La orografía del propio país, que ocupa buena parte de la costa del Pacífico latinoamericano, caracteriza sus productos, condicionados por un suelo volcánico y fuertes contrastes de altitud y climatología. Así como la gastronomía del norte y del sur mantuvo más sus raíces nativas, influenciada al norte por los pueblos andinos y al sur por los mapuches, el centro del país fue el que más transformó su cocina con aportaciones extranjeras.

Entre los platos típicos que encontramos dentro de la gastronomía chilena encontramos algunos como el Caldillo de Congrio, las Humitas o el Curanto.

Caldillo de Congrio. Lo podemos degustar en todo el litoral del país, su ingrediente estrella es el congrio, que se cocina con cebolla, patatas, zanahorias, tomates, ají, pimientos y vino blanco.
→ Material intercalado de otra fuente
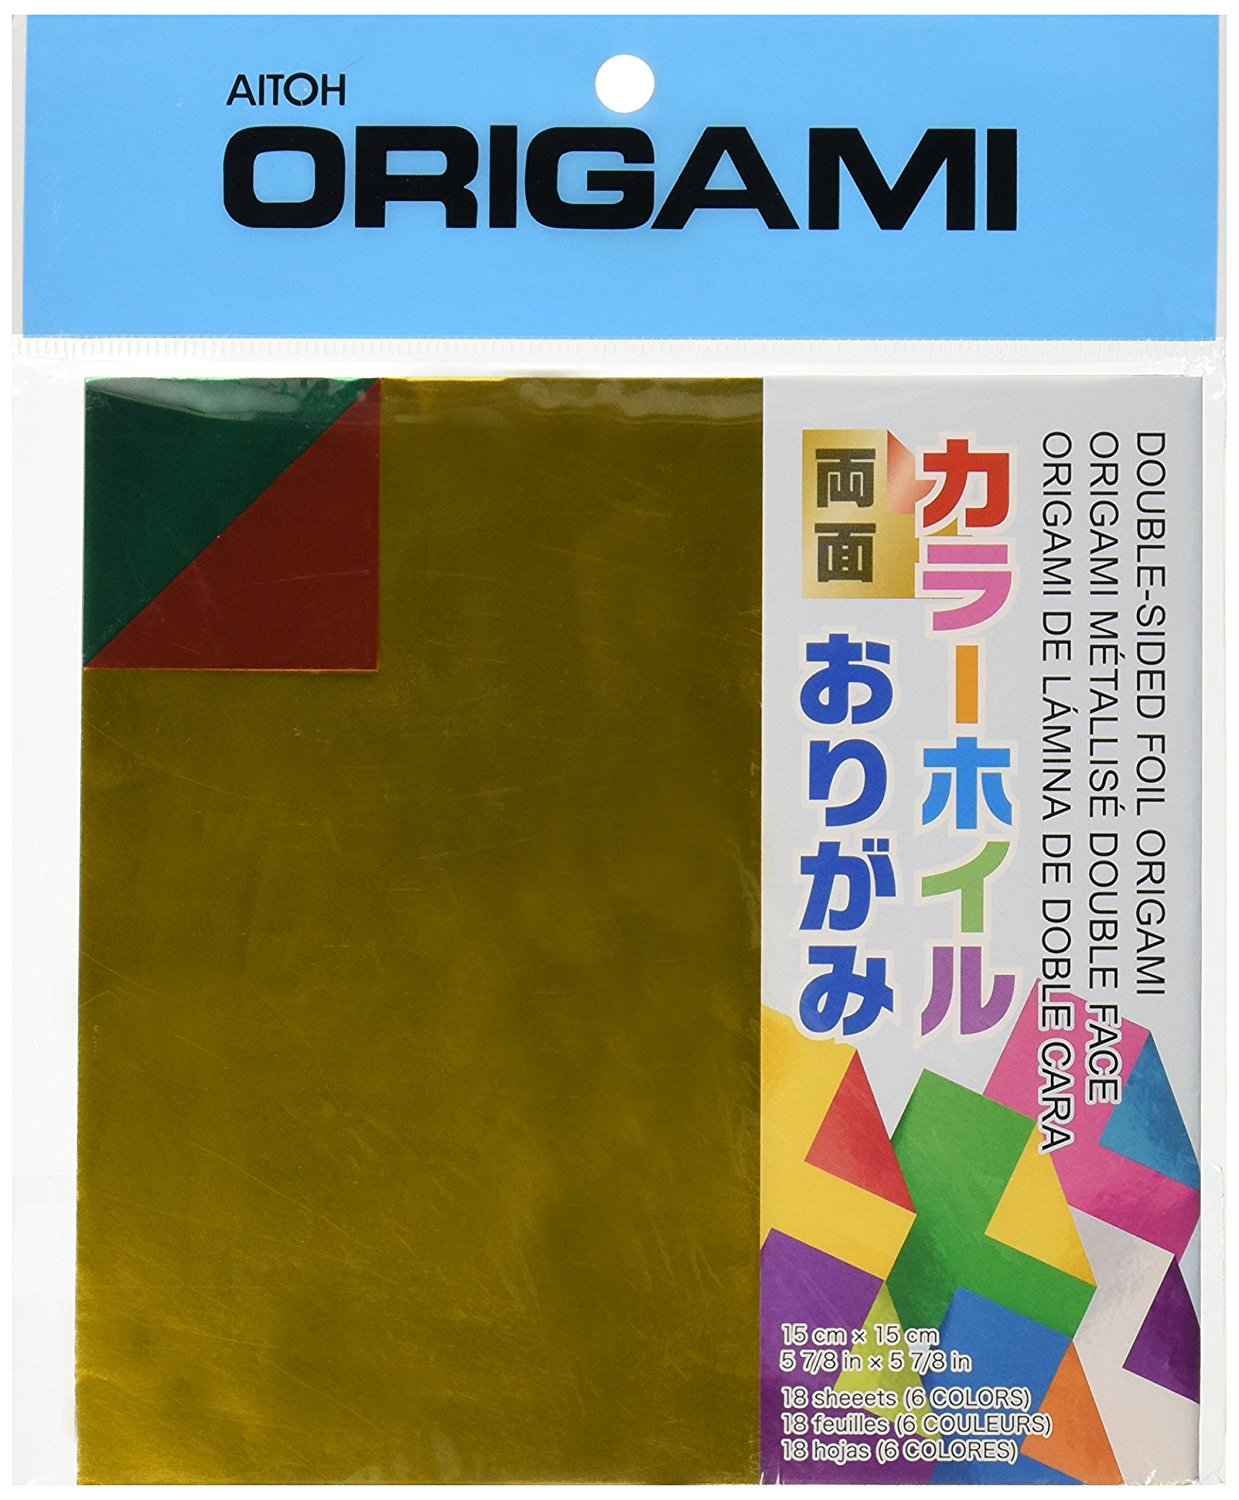 Aitoh DSF-2 Double Sided Foil/Foil Origami Paper, 6 Inch Square, 18 Sheets
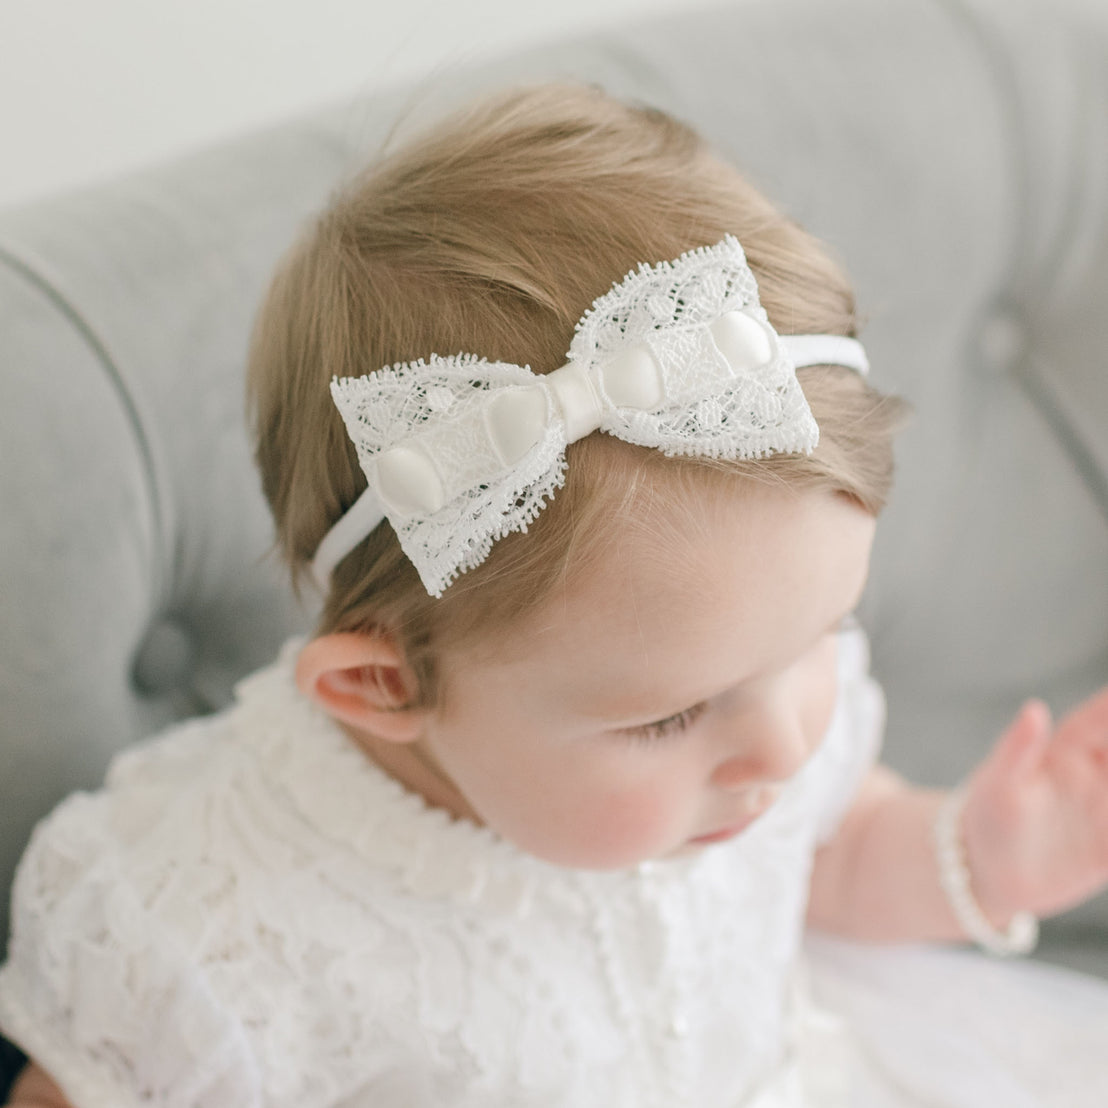 A baby with light hair wearing Aria Christening Gown and an Aria Lace Bow Headband, looking downward, seated on a gray upholstered chair.

Humitas. Es un plato muy cocinado en los andes, por lo que podemos encontrarla en Argentina, Perú, Bolivia y Ecuador. A base de pasta de maíz, que se consigue machacando sus granos con cebolla y albahaca y cocinándolo en agua. Se preparan indistintamente dulces o saladas y se acompañan, generalmente, de ensalada de tomate.

Curanto. Es un plato típico de la cocina chilena del sur y su preparación responde a todo un ritual. El curanto se prepara al aire libre. En un hoyo escavado en el suelo, se preparan piedras muy calientes en las que cocinaremos los ingredientes. En función de la región, tienen protagonismo unos u otros ingredientes. Productos marinos, carnes, patatas y chapaleles (una masa que se elabora a base de patata cocida y harina de trigo).

Aunque si algo hay que destacar de la gastronomía chilena son sus vinos. Desde mediados del siglo XX los vinos chilenos han escalado posiciones en el ranking mundial, hasta situarse en los primeros puestos. Y destacan los vinos elaborados en los viñedos del centro del país, en los que se ha contado con mayor presencia de enólogos franceses y estadounidenses.

La uva Carmenérè destaca por ser exclusiva de Chile, puesto que en Europa se extinguió durante el siglo XIX por la filoxera (un parásito que ataca la vid).

Entre los cocineros más destacados del panorama chileno, nosotros mencionamos a uno. Su restaurante Bogaró es el único (además de Osaka) en la lista de los Mejores Restaurantes de Latinoamérica. Rodolfo Guzmán.

Rodolfo Guzmán gestiona su propio restaurante, Bogaró. Lo destacamos porque le caracteriza una cocina que él ha definido en múltiples ocasiones como «endémica» en la que el protagonismo es para los productos chilenos. Platos en los que se fusiona perfectamente la tradición de la cocina chilena y la vanguardia exigida en la alta cocina.